The 20-year-old is currently unbeaten and boasts a host of accolades, including European honors four times over, as well as being crowned world women’s youth champion in 2018. In the wings are younger brothers Prince, who at 16 years old already measures over six feet and the youngest family member is Kid Solomon, who at eight years old is the one to keep an eye on, according to Daniel.
DDD discussed the influence of a large family after the Joyce loss.
“That was very important. They’ve been with me through my amateur losses and my ups and downs. They’re there with me, whatever happens and won’t let me fall to the wayside and crumble in depression. Instead, we’ve all been working in the gym.”
Sporting a t-shirt, Dubois looked in great shape.
“Of course, I’m always in the gym,” he said. “I’m working with my new team, Mark and Jimmy Tibbs.”
Dubois expanded on the switch in trainers from Martin Bowers to the father and son combination.
“Mark and Jimmy bring a wealth of experience of big fights and boxing knowledge and can help with all the areas I might have missed or need to cover. Jimmy Tibbs is part of the old school era. He trained the likes of Frank Bruno. I look at that as inspirational. Even now I look at Frank’s fights and get a buzz. Now, to be trained by him and his son, you’ll see something new from me.”
With Martin and brother Tony Bowers still guiding Dubois’s management for the next three years, the split has been amicable.
“They still have an influence in my career,” Dubois explained. “They’re still my managers. We haven’t completely cut ties, it’s just a new trainer I wanted to try out. We [Dubois and Martin Bowers] had three wonderful years together and have been on some great adventures. Some real good times to reflect on.”
With rumors of Dubois making an official return to the ring in May, the heavy-handed Londoner confirmed his long-term goals haven’t changed.
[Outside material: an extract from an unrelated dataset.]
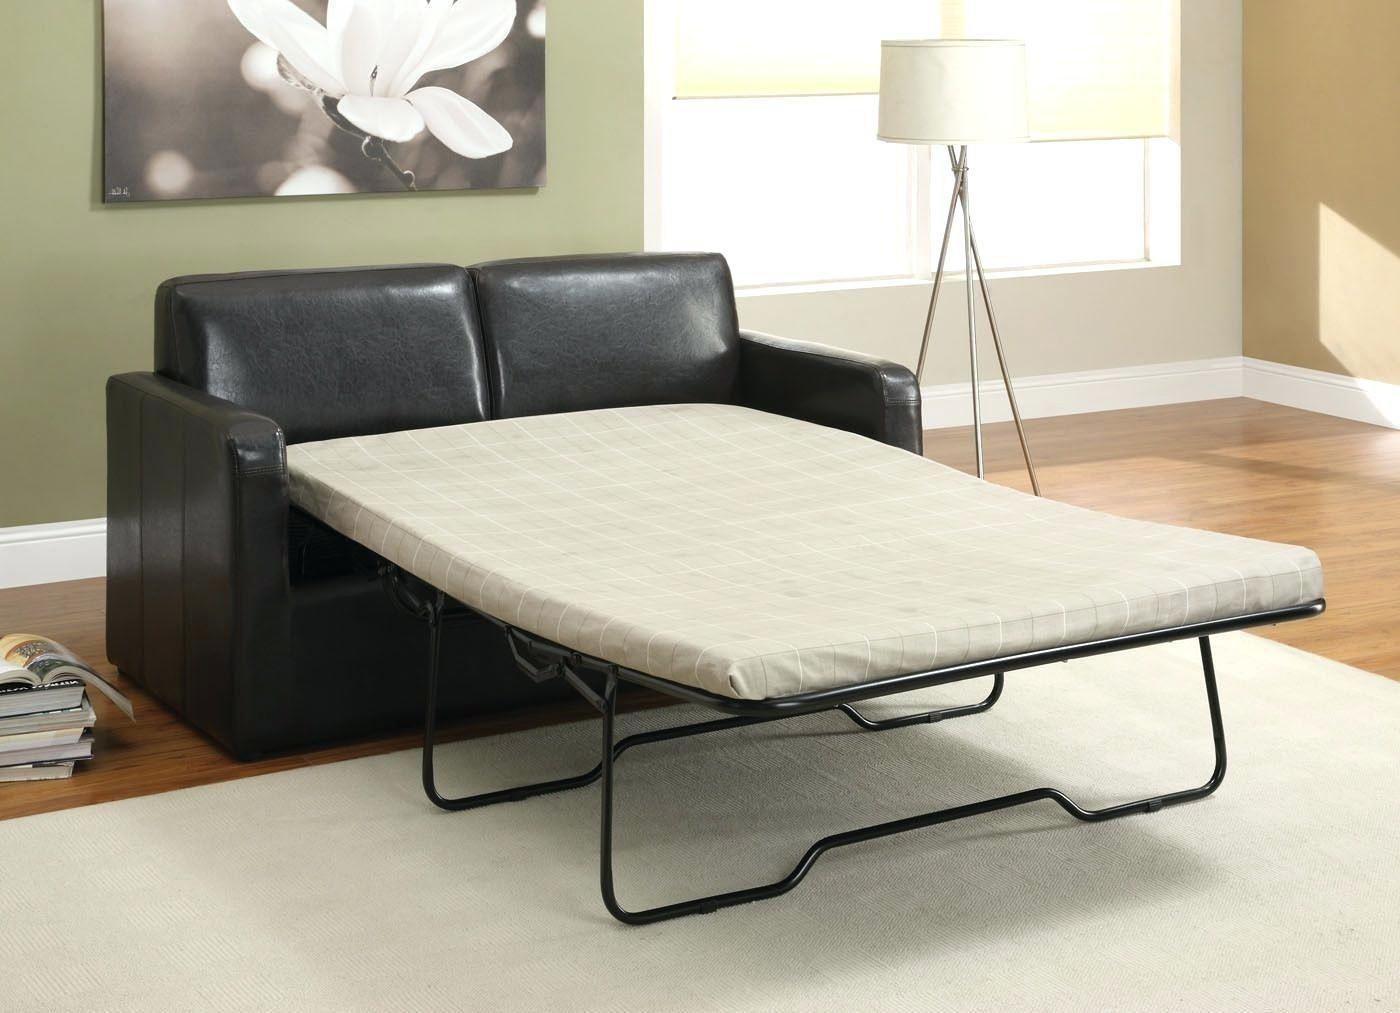 Slumber Air Dream Sleeper Sofa Mattress Queen Size

“I’m still looking to fight for a world title eventually, but I want to be in some meaningful fights when I come back, which will test me even more. I want to be better prepared for opponents like Joe and want to be able to test myself and prove to myself and everyone that I can really do something with boxing. I want to shine and show what we can bring to the table.
“My management and Frank Warren have spoken about maybe having three fights within 12 months. I want to start to work up that gravy line. I look forward to it and welcome the challenge with both hands and working on a strategy with my team of where to go next. I’m hungry, but I’m only 23 years old. There’s no rush. There’s a lot more of me to see. You’ll see an improved version of myself and far more focused than before. I’m coming back and I’m not messing about. One hundred percent.”